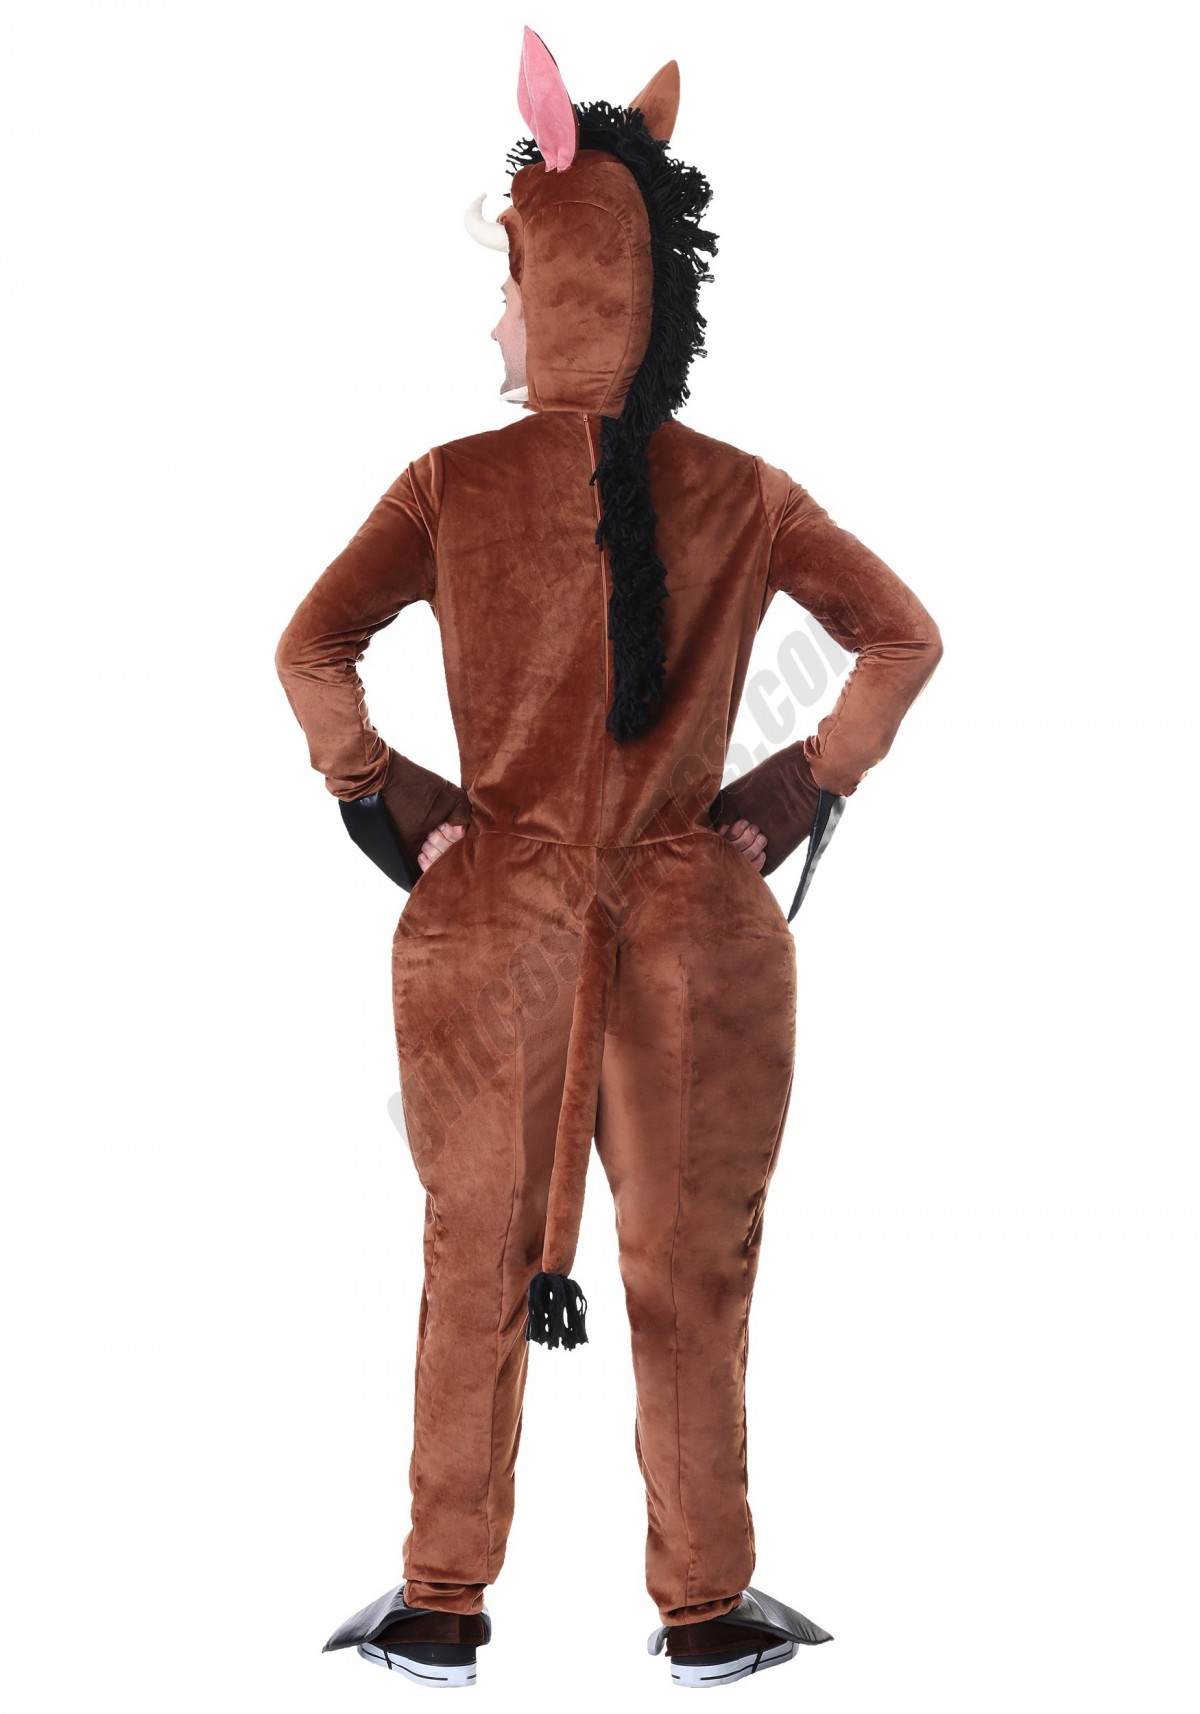 Warthog Costume for Adults - Men's - -1
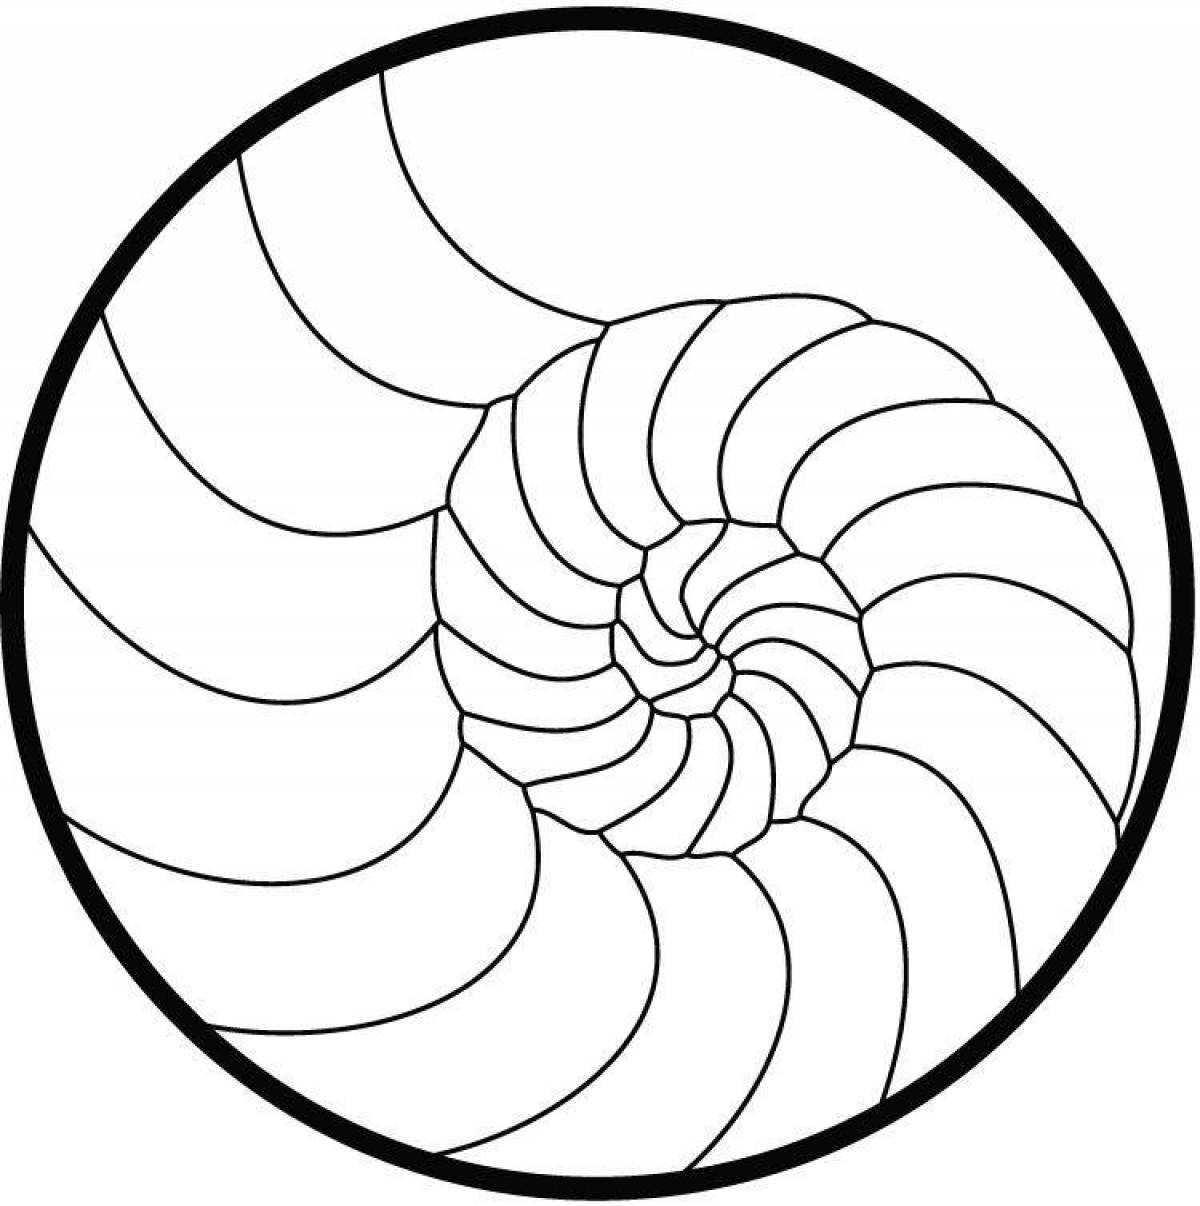 A fun creation of a spiral coloring page
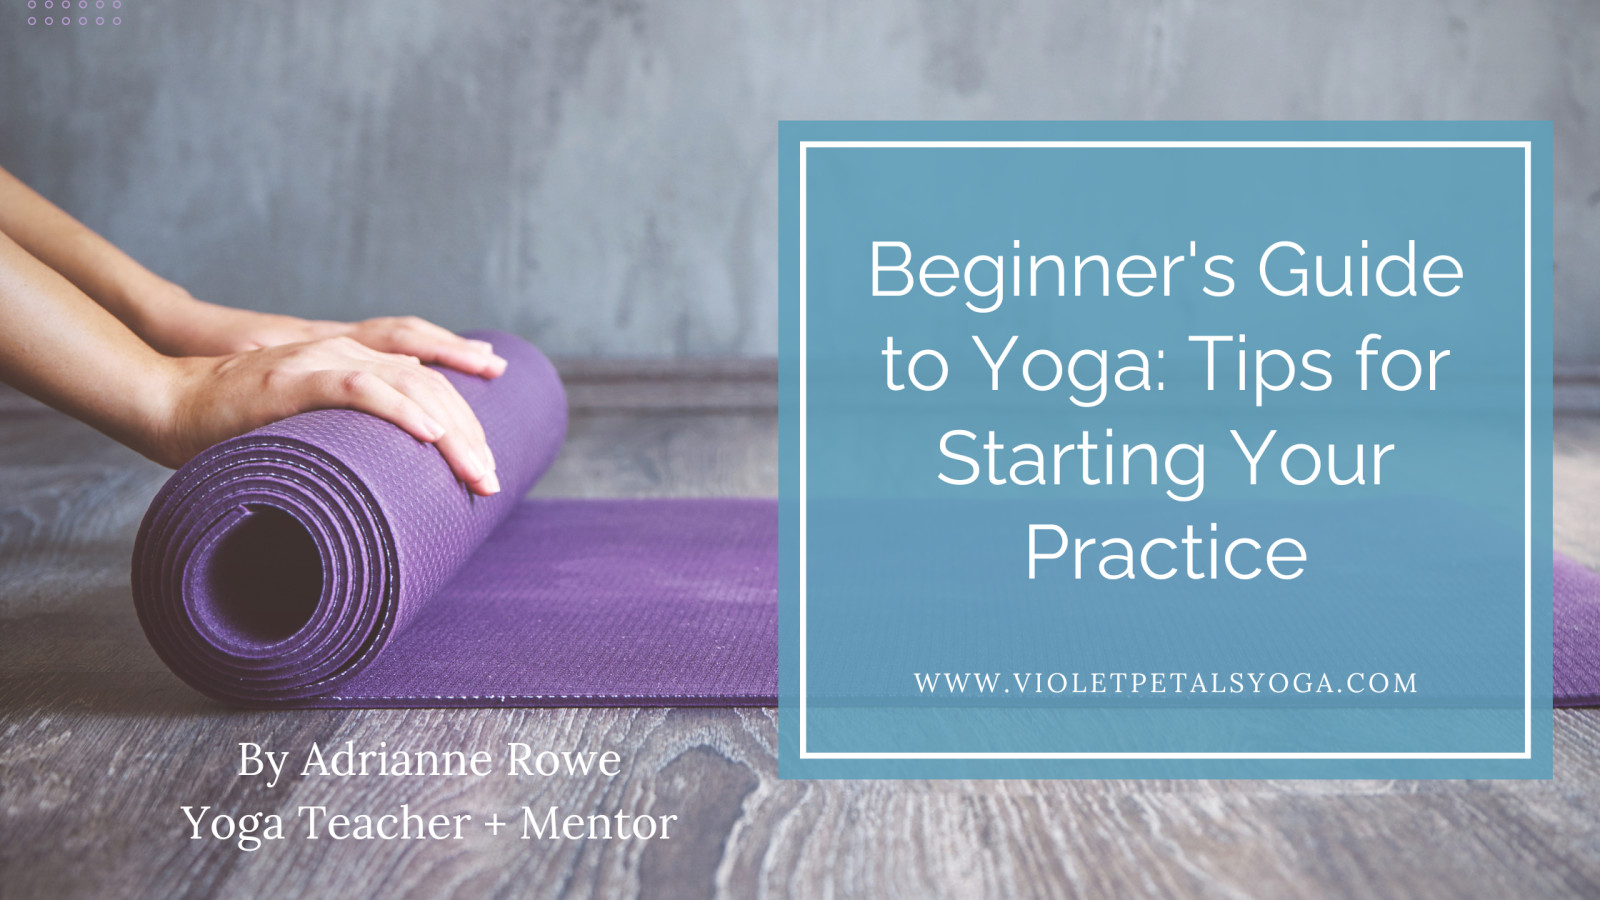 Beginner's Guide to Yoga: Tips for Starting Your Practice

------------------------

### Action item
Give back the data exactly. Pictures stay out.

### Solution for this problem
 Warthog Costume for Adults - Men's - -1
 A fun creation of a spiral coloring page
 Beginner's Guide to Yoga: Tips for Starting Your Practice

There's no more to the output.